June 16, 2008

negritude

There's a very interesting article about African immigrants in France, something I'm particularly interested in because I have several Malian students who grew up in Paris. The article describes both Obama's rock star status and his effect as a catalyst for conversations about race in traditionally race-blind France, as well as the growing movement among black immigrants to France to address race.

Personal note: My students have said, very clearly, that it is better to be African in Paris than in Philadelphia. My mother's response to that was: the deepest racism in France is against Arabs.
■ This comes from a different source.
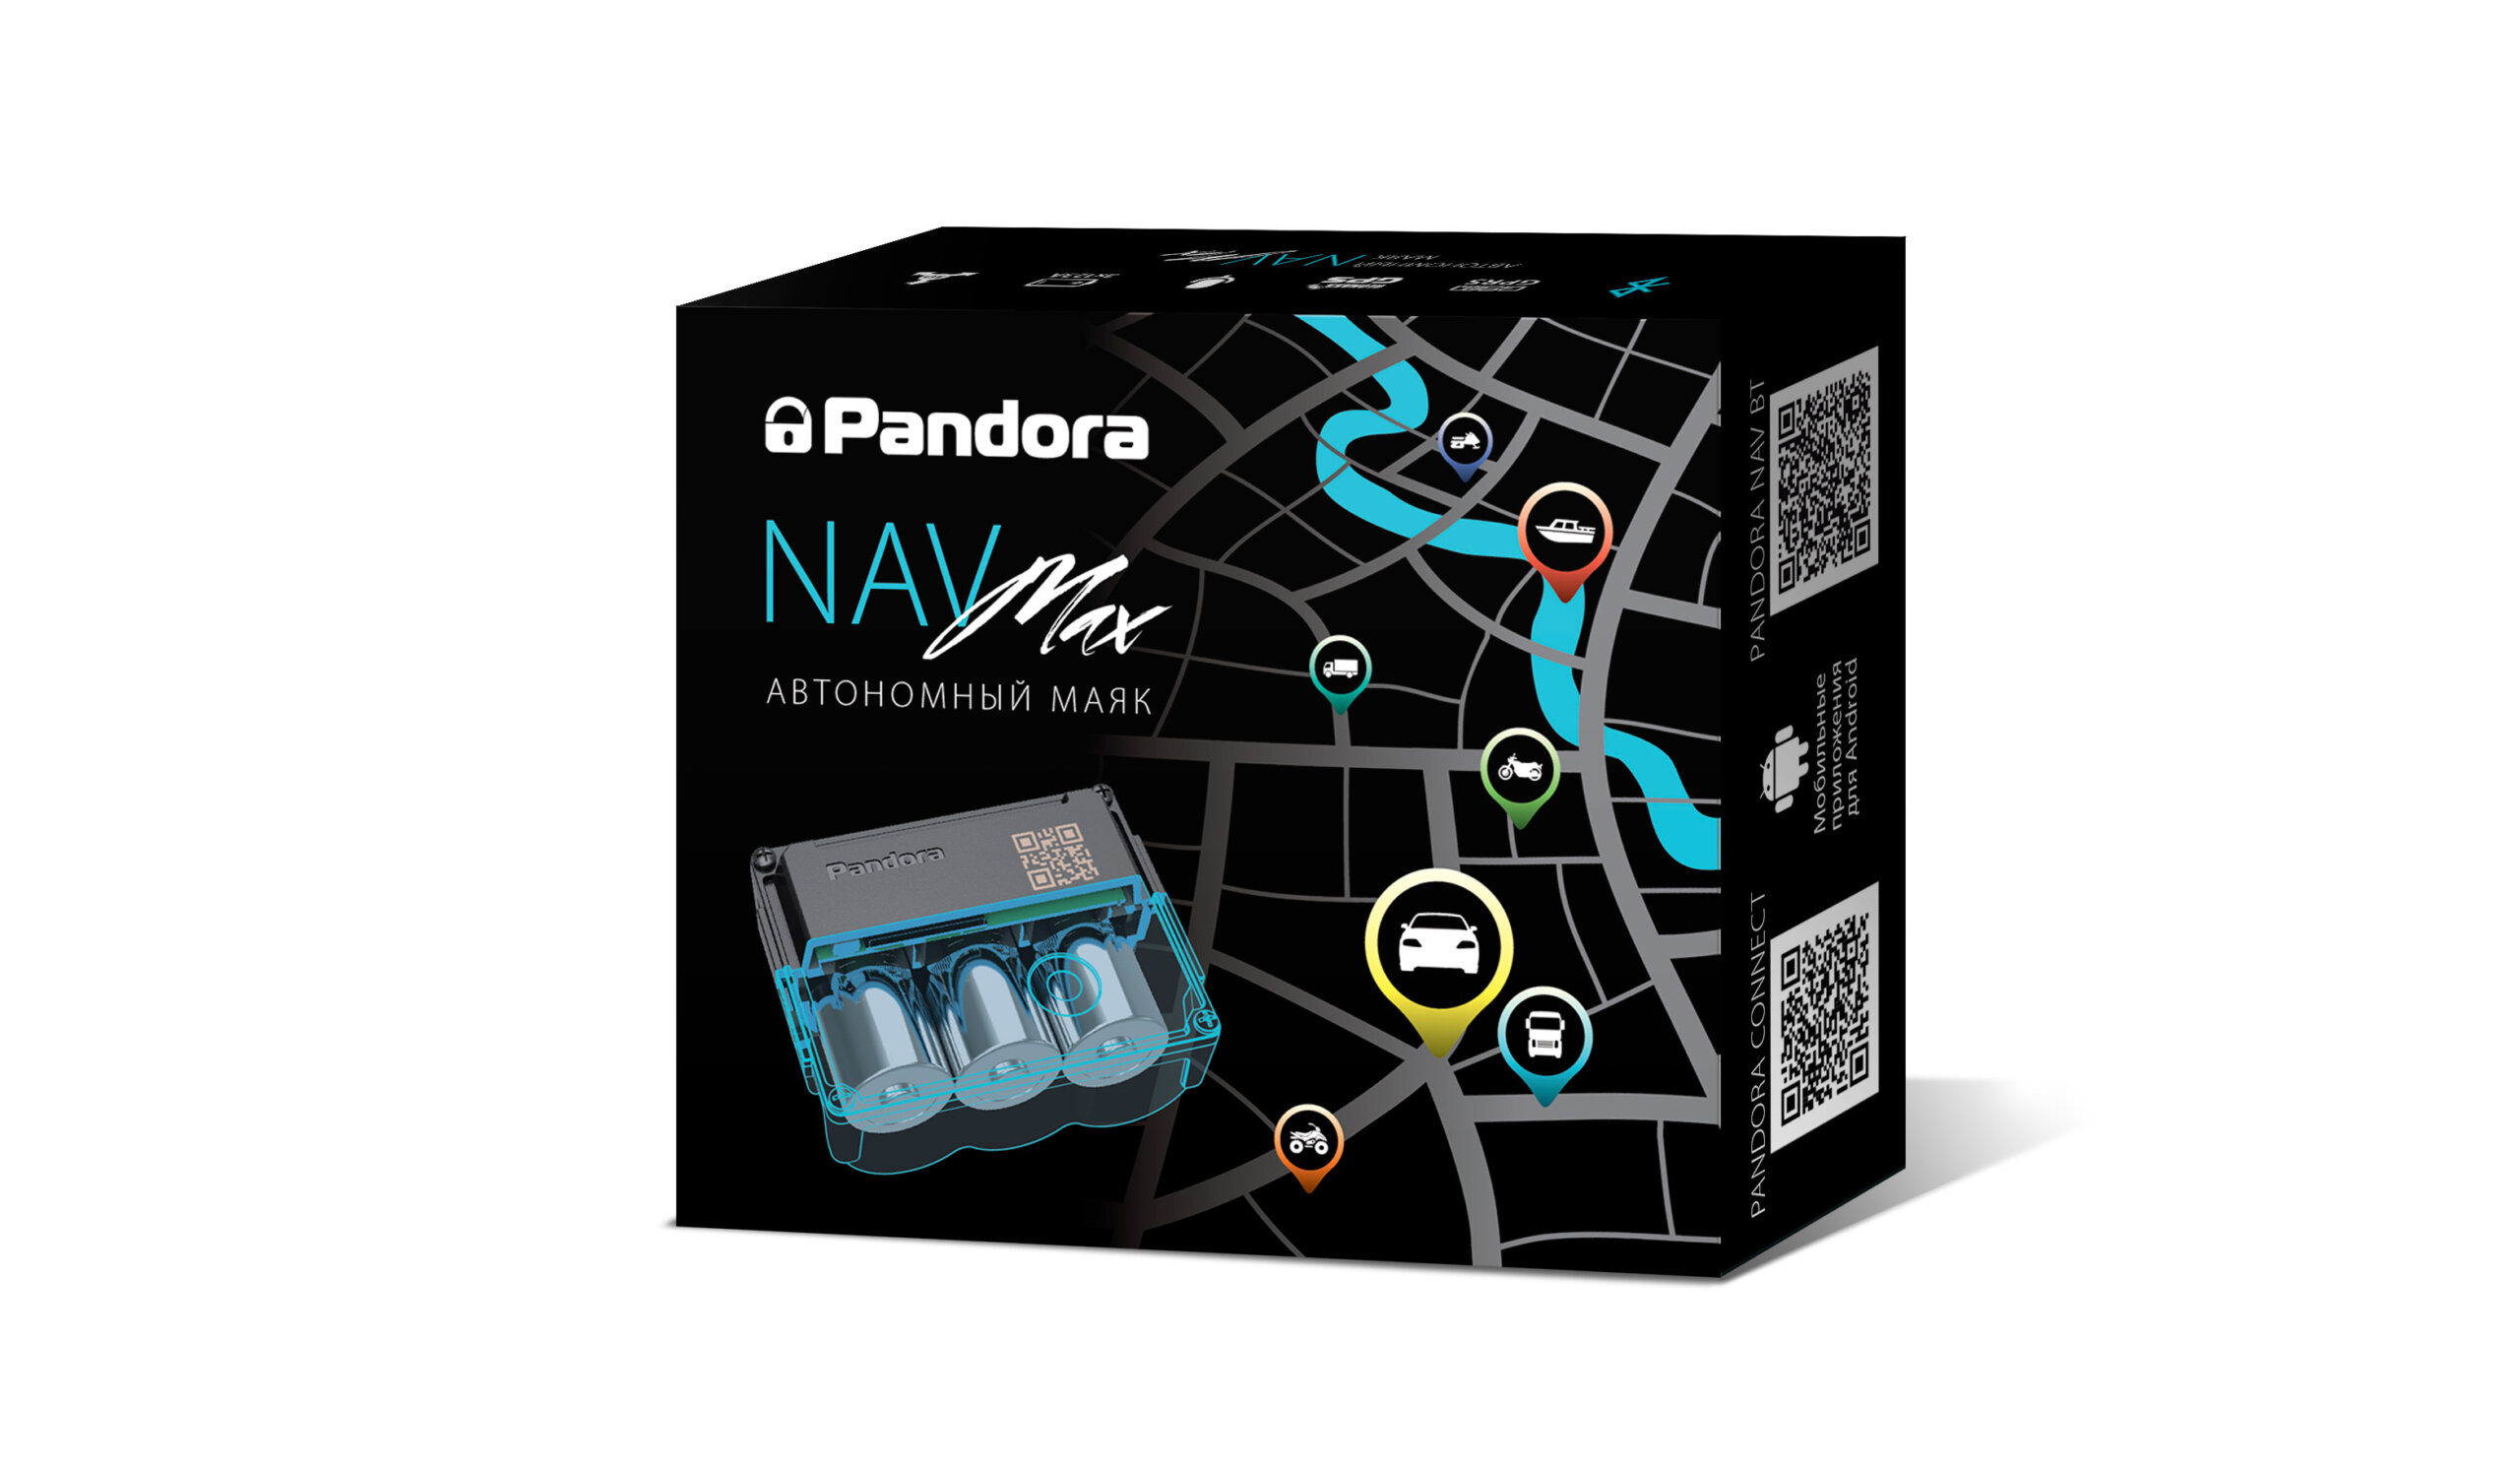 Поисково-навигационный маяк Pandora NAV-Max

The article is worth reading not only for its fascinating look at race somewhere else - where race officially does not exist, but where far-right xenophobes were second in the 2002 presidential election - but also because it contains some excellent snippets.

For example, a summary of the trouble with ignoring race:

"The idea behind not categorizing people by race is obviously good; we want to believe in the republican ideal," he said. "But in reality we’re blind in France, not colorblind but information blind, and just saying people are equal doesn’t make them equal."

France does not have particular trouble with educational inequity, but economic inequality persists:
The percentage of blacks in France who hold university degrees is 55, compared with 37 percent for the general population. But the number of blacks who get stuck in the working class is 45 percent, compared with 34 percent for the national average.

And for sheer color:
Youssoupha ... [a Sorbonne-educated Congolese French rapper] was nursing a Coke recently at Top Kafé, a Lubavitch Tex-Mex restaurant in Créteil, just outside Paris, where he lives. Nearby, two waiters in yarmulkes sat watching Rafael Nadal play tennis on television beneath dusty framed pictures of Las Vegas and Rabbi Menachem M. Schneerson. A clutch of Arab teenagers smoked outside.

That's right, a Lubavitch Tex-Mex restaurant just outside Paris. Beat that! (No seriously - what does beat that?)